That is what Peter Orszag, Obama’s first Budget Director, calls Welch for doubting the Labor Department’s drop of the unemployment rate from 8.3% to 7.8% in only two months. Other commentators have huffed about how the Labor Department officials who compile the statistics are “professionals”– how could Welch attack their impartiality?
None of the articles have discussed the real issues. The DOL employees are professionals, but they use techniques and assumptions which change. There was a great deal of change under the Clinton administration in particular and there were well founded worries at the time that the changes were politically motivated. One thing we do know: it all depends on how you calculate. If you include those who have stopped looking for work in the last two years and those who are part time but want to be full time, the number is much higher, around 15%. If you calculate unemployment the way it was done during the Great Depression, current levels are still at depression levels. This last point is missed by almost everyone. Article after article notes that the current economic malaise is much better than the Depression, when unemployment reached levels almost three times higher. Well, no. We have just moved the goalposts.

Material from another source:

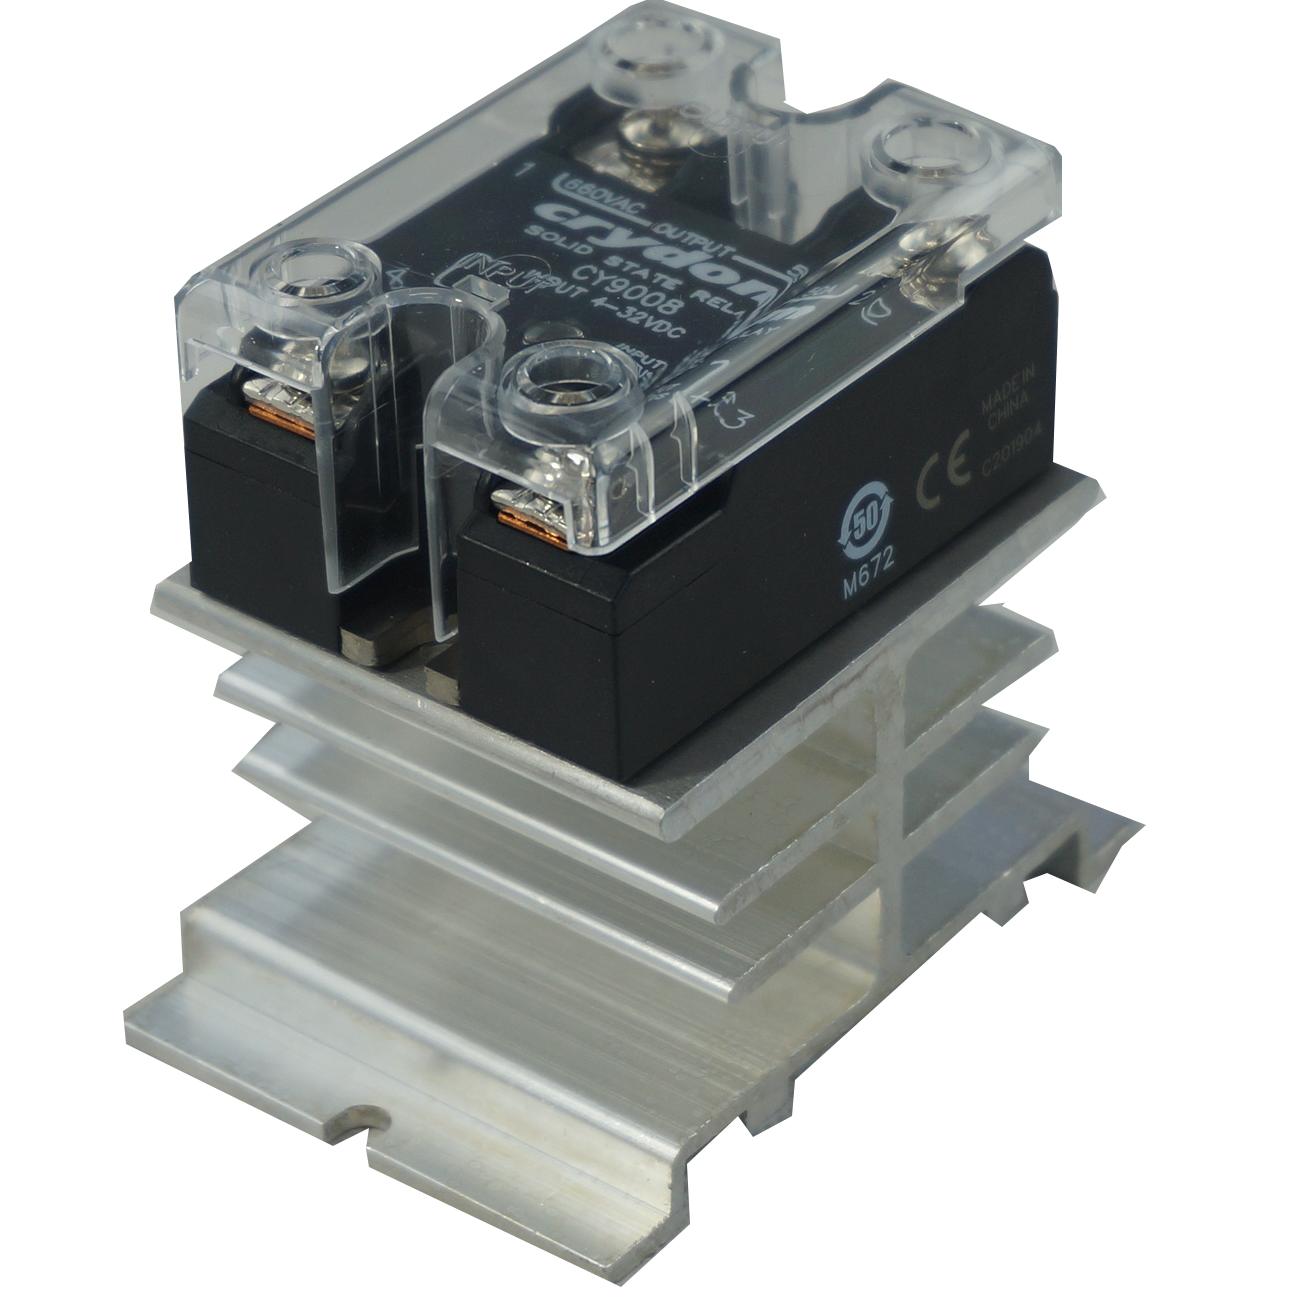 HS211A + CY9008, Panel Mount Solid State Relay, 3-32VDC Control Input, 48-660VAC Output, 25 Amps

An excellent source on this is business economist John William’s shadowstats.com, which we have mentioned before. Williams currently pegs the real unemployment rate at 22%.
Jack Welch did the country a service by shining a spotlight on the way all these numbers are calculated. As you will see from shadowstats.com, the current inflation and growth numbers are also calculated in ways that were changed markedly under Clinton and which, not surprisingly, make them look better.